The most significant SNP was a nonsynonymous modification located at exon 6 of the Glyma.14G024300 gene (encoding a DEAD/DEAH box RNA helicase). We also identified three other nonsynonymous SNPs associated with this gene (Figure 3), which were in perfect LD with the first peak SNP and could not be detected by the GBS strategy due the lower coverage of the technique compared to whole-genome sequencing. Unsurprisingly, given the large size of the haplotype block comprising the peak SNP, we observed 216 SNPs and 46 InDels in perfect LD (r2 = 1) with the first peak SNP of the GWAS, at a distance up to 224 Kbp from the described allele (Additional File 4). Some of these allelic variations were distributed within genes in the interval that presented structural domains commonly found in resistance genes, revealing other potential candidate genes for SSC resistance. Fifteen nonsynonymous SNPs were observed in eight genes, including two leucine-rich-repeat receptor-like protein kinases (LRR-RPK) (Glyma.14G026300, and Glyma.14G026500), a serine-threonine protein kinase (PRSTK) (Glyma.14G026700), a PH domain LRR-containing protein phosphatase 1 (Glyma.14G024400), a methyltransferase (Glyma.14G026600), an acid phosphatase-related gene (Glyma.14G024700), and a gene involved in DNA repair (Glyma.14G026900) (Table 5). Finally, an insertion of two nucleotides responsible for a frameshift modification in the exon of an LRR-RPK gene (Glyma.14G026500) was observed only in susceptible cvs. based on our analysis. To confirm the association of these allelic variations and the role of potential candidate genes in resistance to SSC, functional validation should be conducted in future studies.

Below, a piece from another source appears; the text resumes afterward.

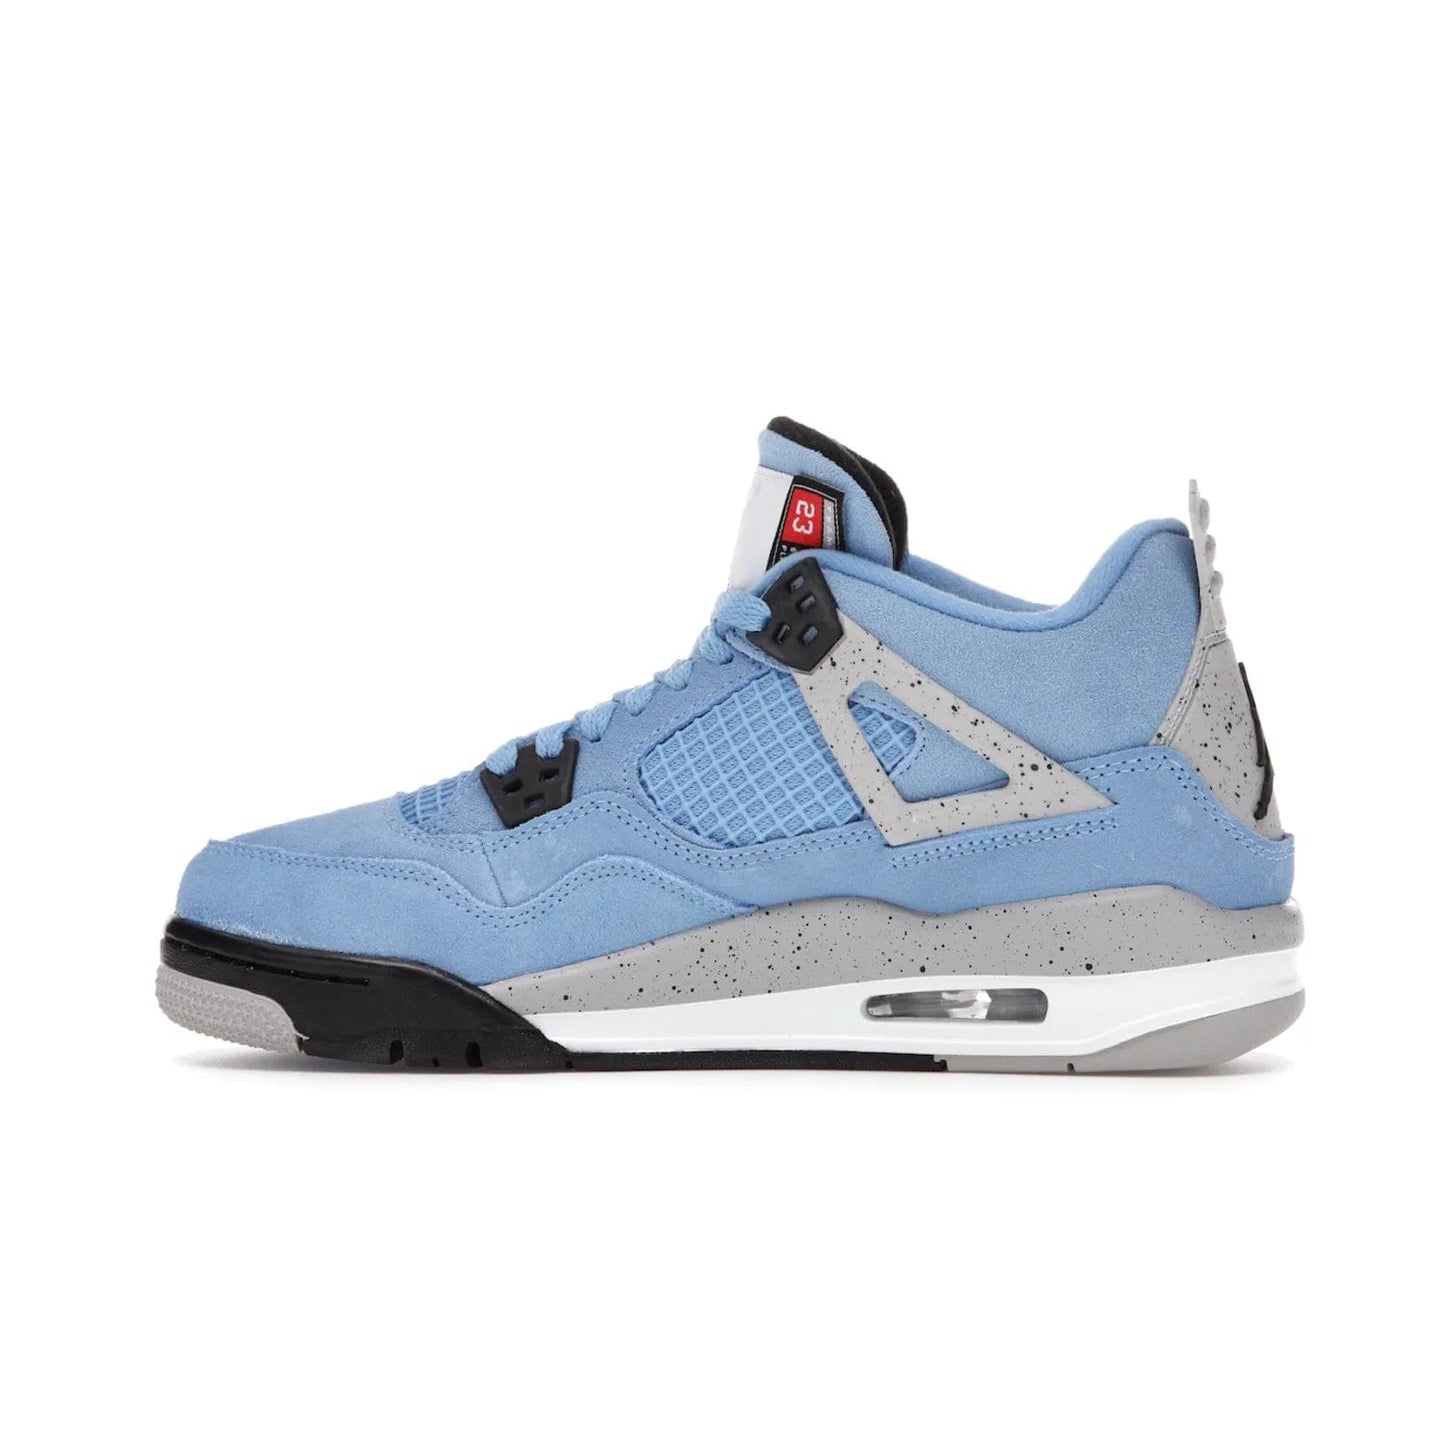 Jordan 4 Retro University Blue (GS) - Image 20 - Only at www.BallersClubKickz.com - Air Jordan 4 Retro University Blue GS: Classic silhouette and vibrant colors. Featuring a suede upper and Jumpman icon, this grade school-size shoe is perfect for collections and retails at $150.
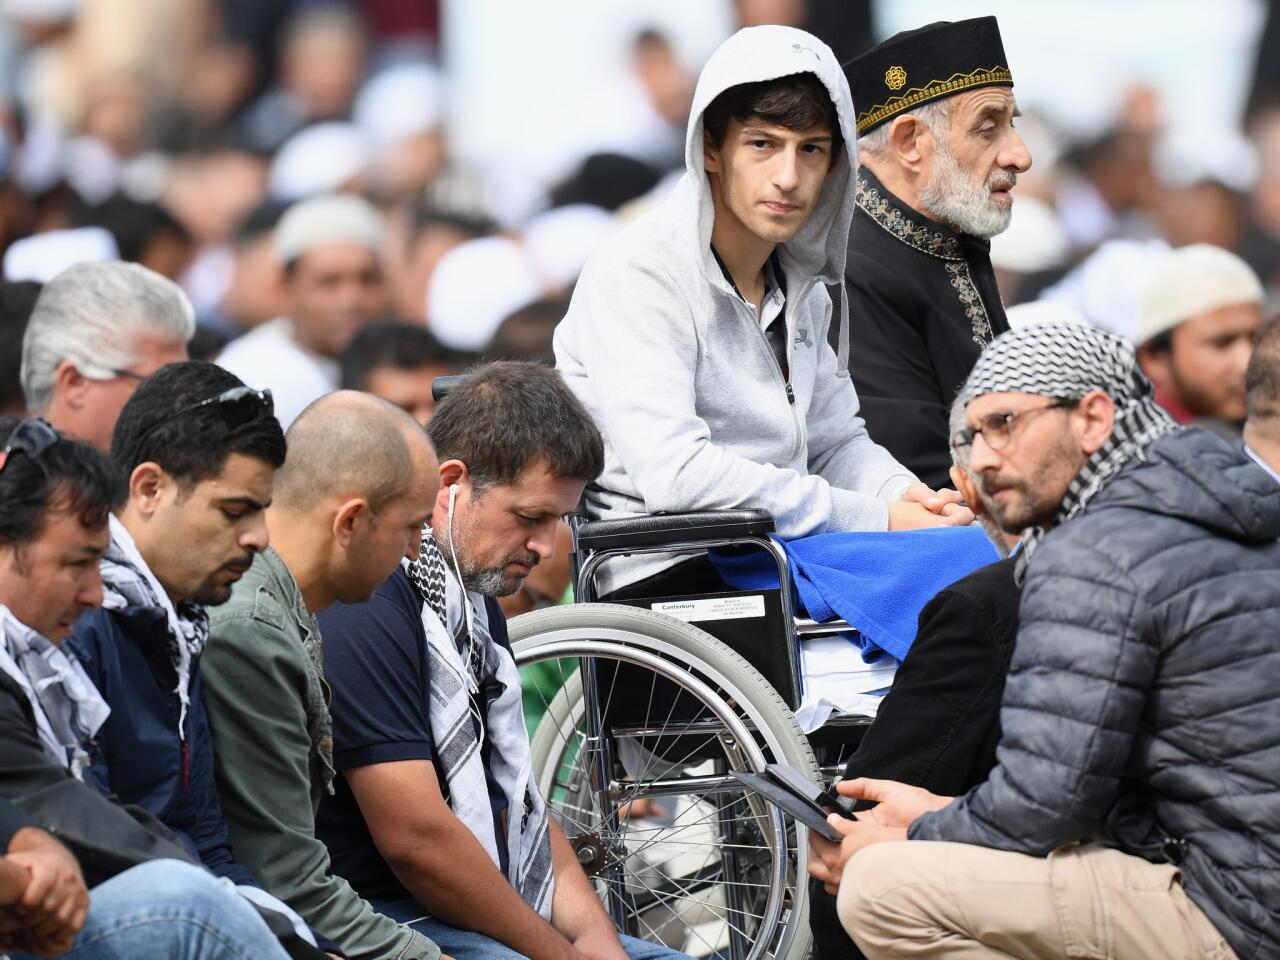 Zahid Mustafa, center, whose father Khaled Mustafa and brother Hamza Mustafa were killed at Al Noor mosque, attends Friday prayers in Hagley Park near Al Noor mosque in Christchurch, New Zealand.

Allelic discrimination using the Rdm SNP KASP assay
The peak SNP (1,744,370) was selected to develop a KASP assay to confirm the alleles obtained by GBS and to apply this assay in future MAS. Thus, a subset of 146 accessions from the GWAS panel were analyzed with this assay, and as expected, all of the same alleles/genotypes obtained by GBS were obtained using the KASP assay (Additional File 5). Furthermore, the developed assay was able to correct the heterozygous genotypes obtained by GBS (Figure 4). Among the accessions shown to be heterozygous at the peak SNP, 15 accessions were present in the subset analyzed with the assay, and all were found to be homozygous.
Therefore, the efficiency of the SNP marker and type I/II error rates were calculated and are shown in Table 6. The SNP1 marker was present in 98% of the accessions phenotyped as resistant, resulting in a low type I error rate (2.4%), which suggests a low probability of erroneously selecting a susceptible line based on the marker genotype. In addition, the marker also presented a low type II error rate or false negative rate of 1.19%.